Looking at your code closely, these changes would handle this issue:

class MainTabBar(QWidget):

    def __init__(self) -> None:
        super().__init__()
        # self.v_layout = QVBoxLayout(self)  # <- self here

        # Initialize tab screen
        self.tabs = QTabWidget(self)
        self.tab1 = Tab1()
        self.tab2 = Tab2()

        self.tabs.addTab(self.tab1, "Tab1")
        self.tabs.addTab(self.tab2, "Tab2")

        self.tab1.get_contents()
        self.tab2.get_contents()
        # self.v_layout.addWidget(self.tabs)
        # self.setLayout(self.v_layout)

Have you try Qt Designer is a really useful tool for handle GUIs development ;)

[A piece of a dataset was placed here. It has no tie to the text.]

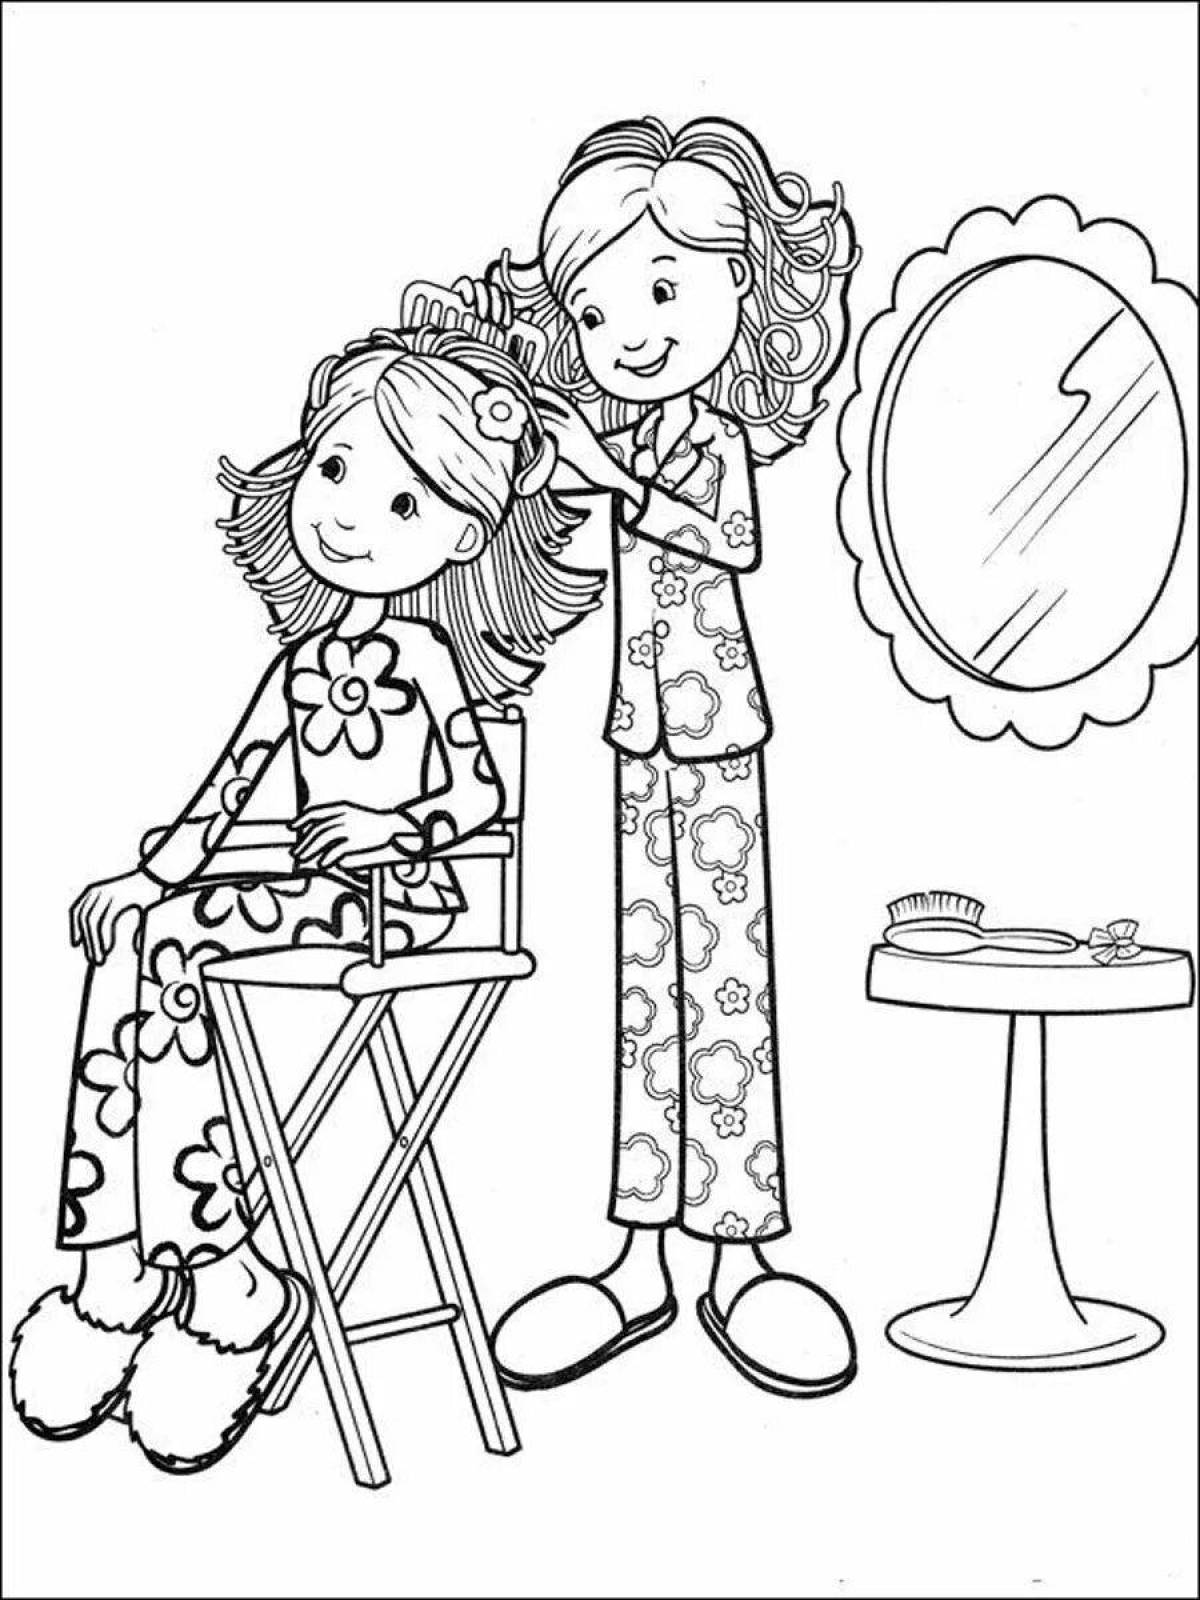 Fun hairdresser coloring for kids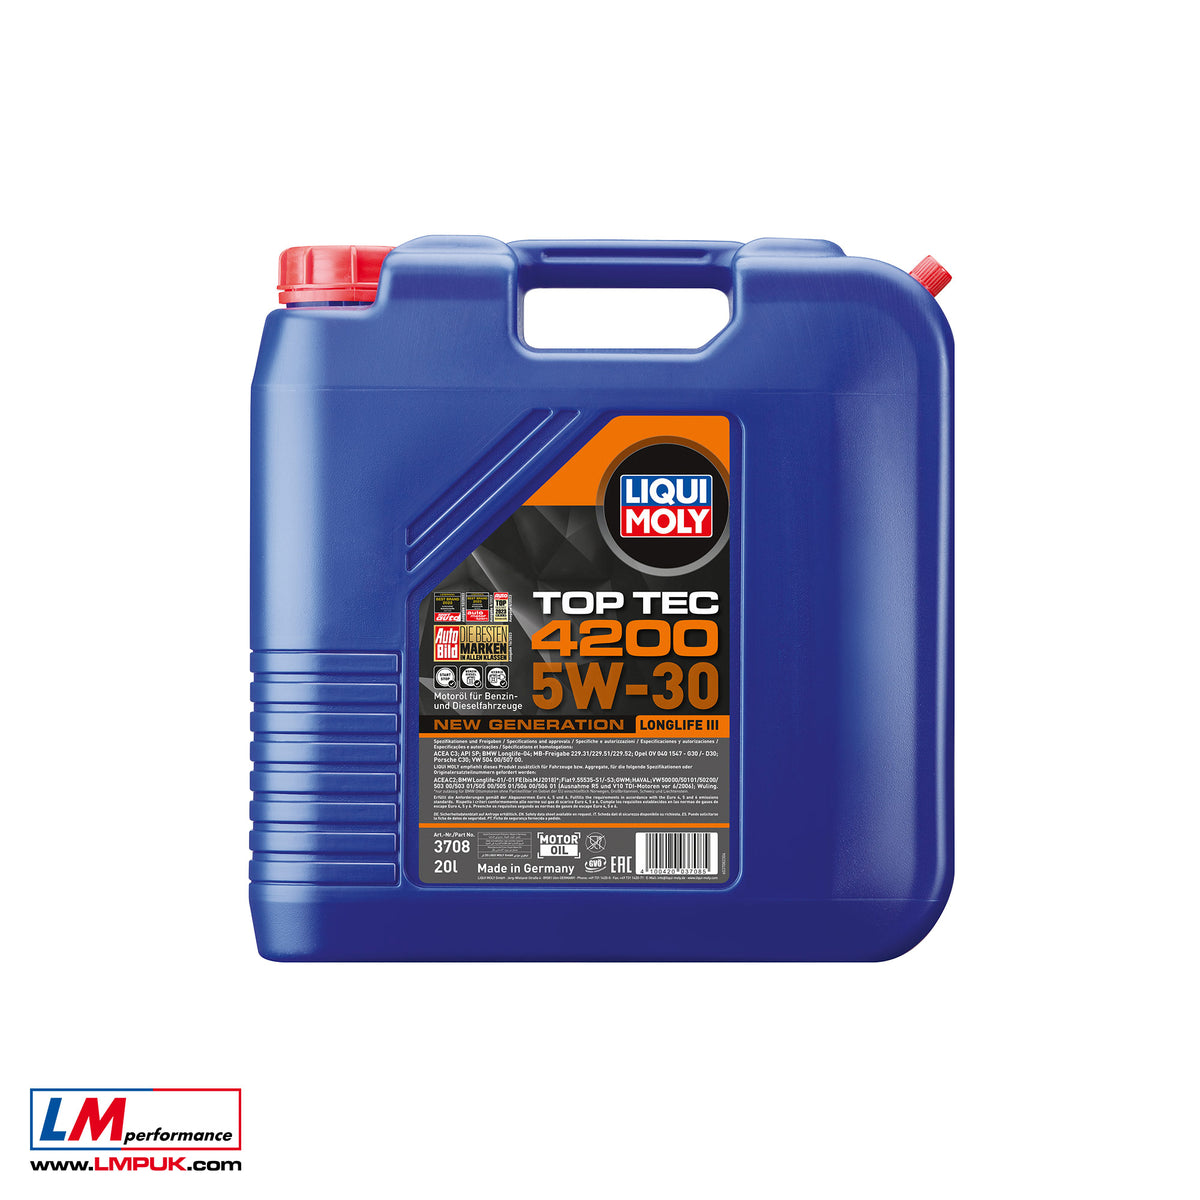  LIQUI MOLY Top Tec 4200 SAE 5W-30 New Generation, 5 L, Synthesis technology motor oil

govindashrit commented 3 years ago

Hello Yeison,

I tried your code changes, I still see the issue. image

Code changes as you suggested class MainTabBar(QWidget):

def __init__(self) -> None:
    super().__init__()
    # self.v_layout = QVBoxLayout(self)

    # Initialize tab screen
    self.tabs = QTabWidget(self)
    self.tab1 = Tab1()
    self.tab2 = Tab2()

    self.tabs.addTab(self.tab1, create_icon('mdi.home'), "Tab1")
    self.tabs.addTab(self.tab2, create_icon('mdi.script-text-outline'), "Tab2")

    self.tab1.get_contents()
    self.tab2.get_contents()
    # self.v_layout.addWidget(self.tabs)
    # self.setLayout(self.v_layout)

Yes I have tried Qt designer, but for my usecase (dynamic creation of tabs) , I wish to do it programmatically.

For reproducing the issue, made this sample application.

Regards, Govind R

YeisonCardona commented 3 years ago

The sample code is hard to debug, with a lot of unnecessary lines, empty inherited classes, redundant calls, basically is not a minimal code. Somewhere there must be a widget created without the correct parent and avoiding the styles heritage, maybe.